→ **DATASET CONTENT**:
◆ ◆ ◆ ◆ ◆

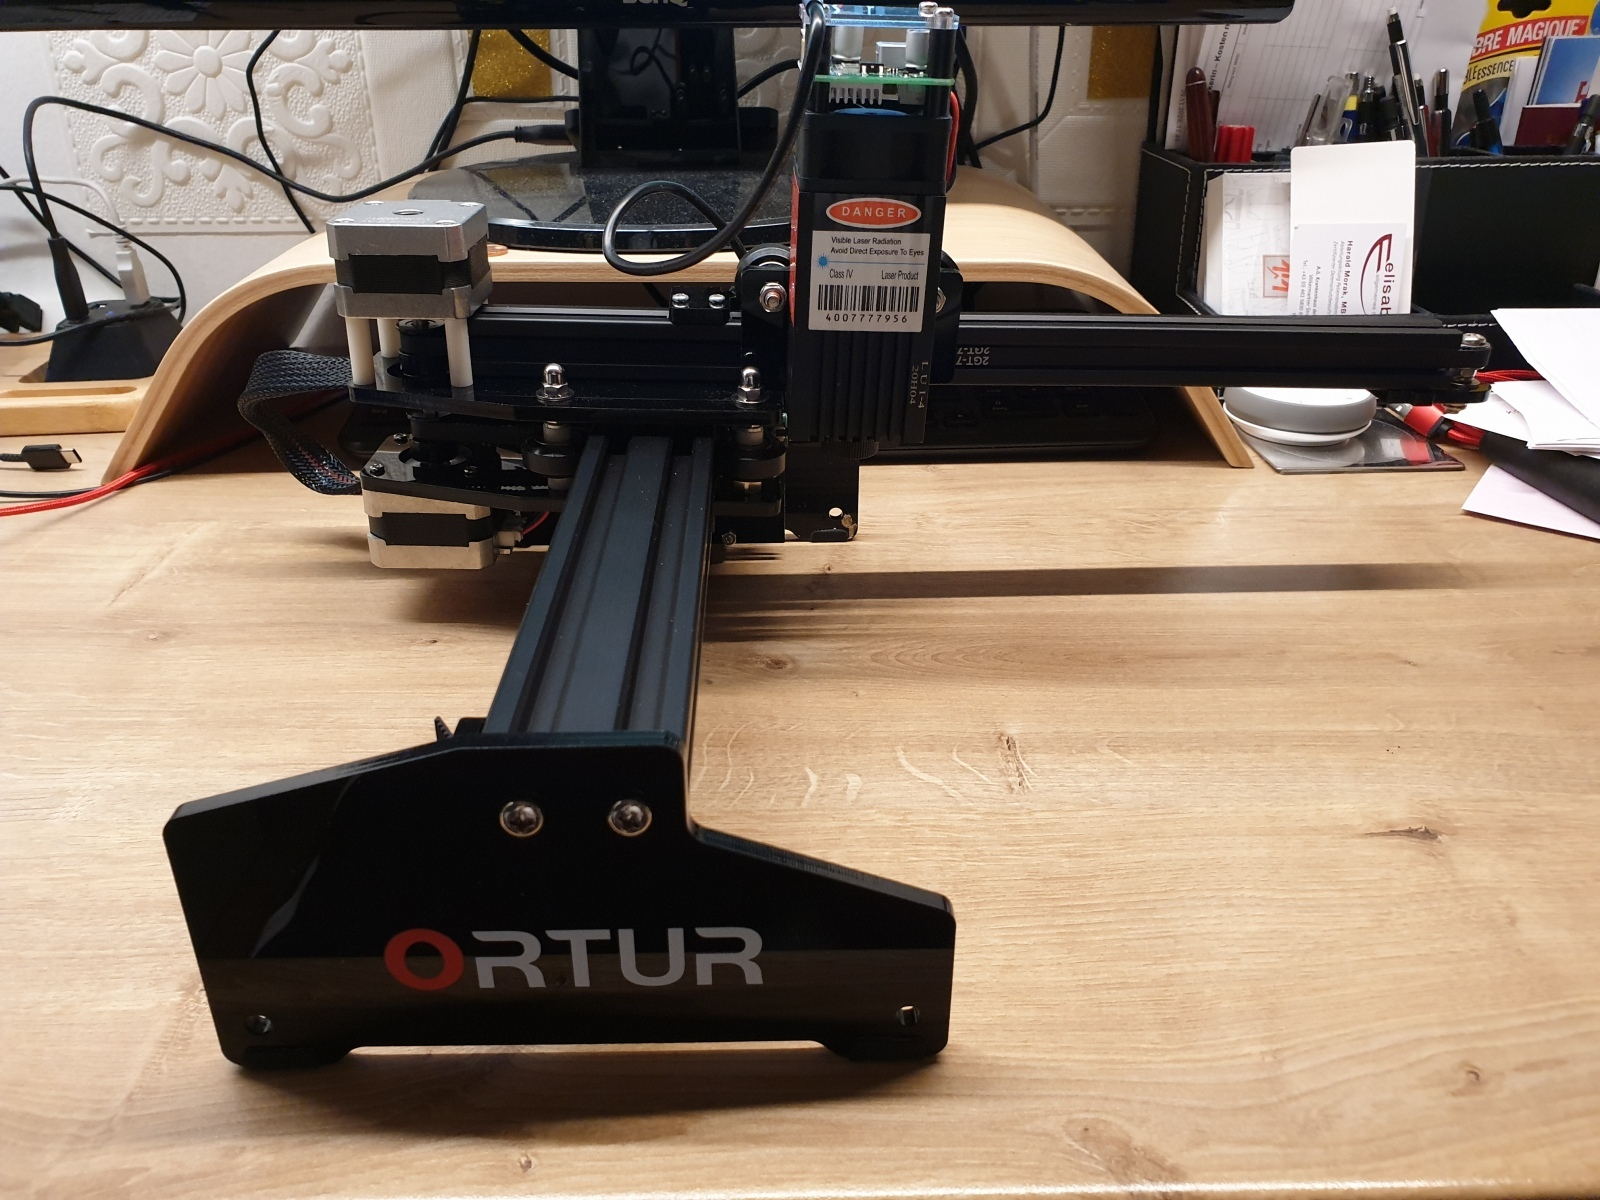 der fertig montierte Ortur LaserMaster 20w Desktop
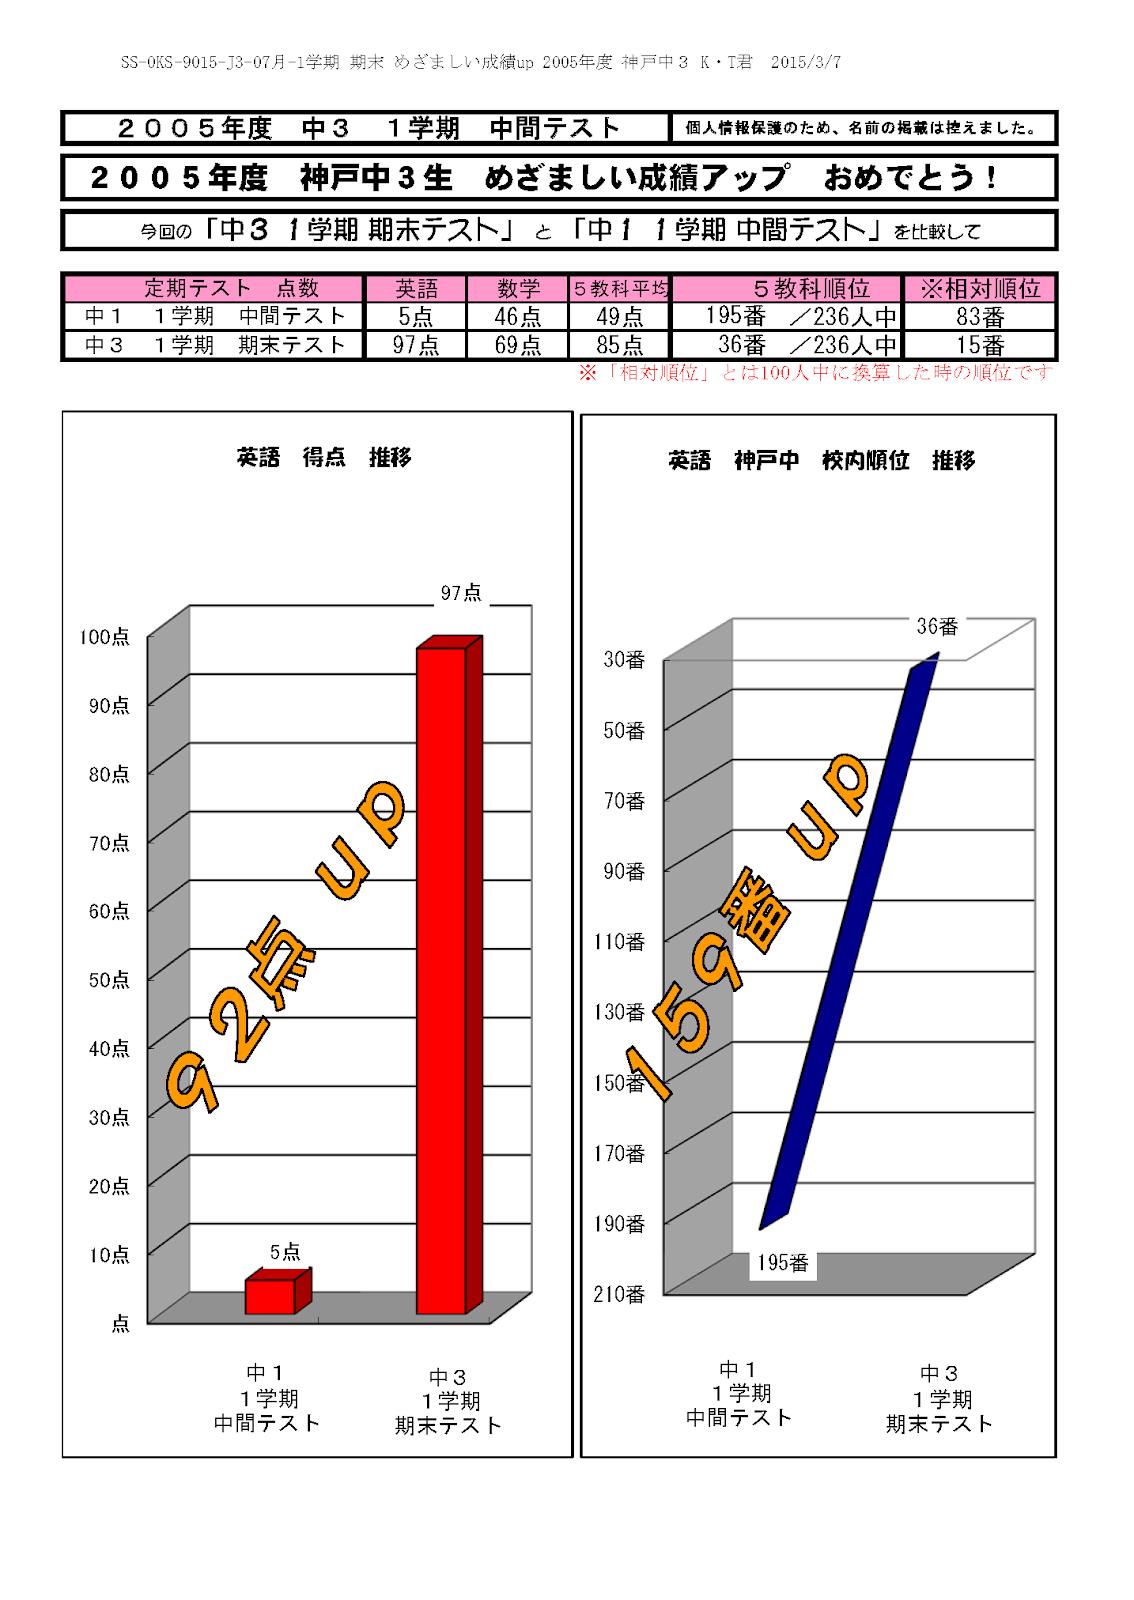 かとうたかまさ 2005年07月 中3 1学期 期末 1.めざましい成績UP 英語 95点UP.png
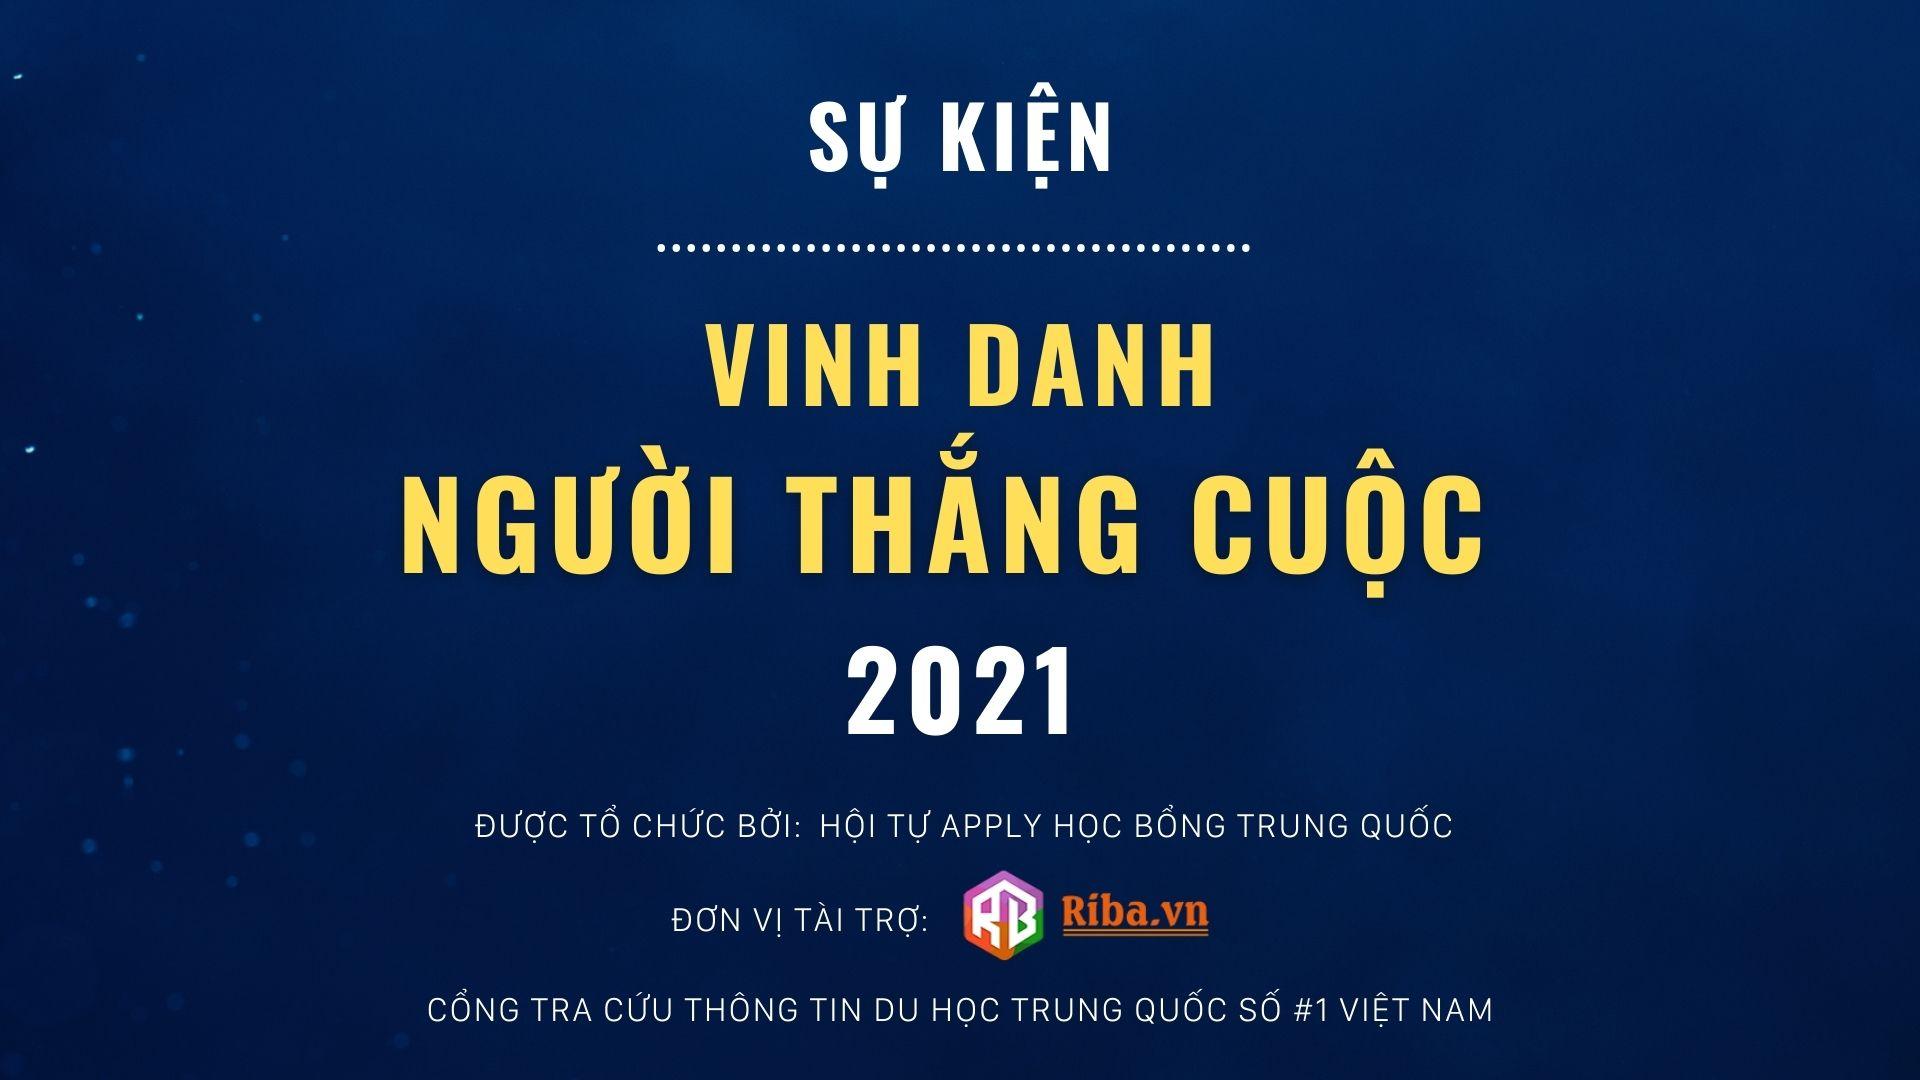 """SỰ KIỆN VINH DANH """"NGƯỜI THẮNG CUỘC"""" 2021"""

◆ ◆ ◆ ◆ ◆

From the line that holds "かとうたかまさ 2005年07月 中3" down to the last line of the material above, every line is to be copied exactly, both ends included; pictures are to be omitted.

 かとうたかまさ 2005年07月 中3 1学期 期末 1.めざましい成績UP 英語 95点UP.png
 """SỰ KIỆN VINH DANH """"NGƯỜI THẮNG CUỘC"""" 2021"""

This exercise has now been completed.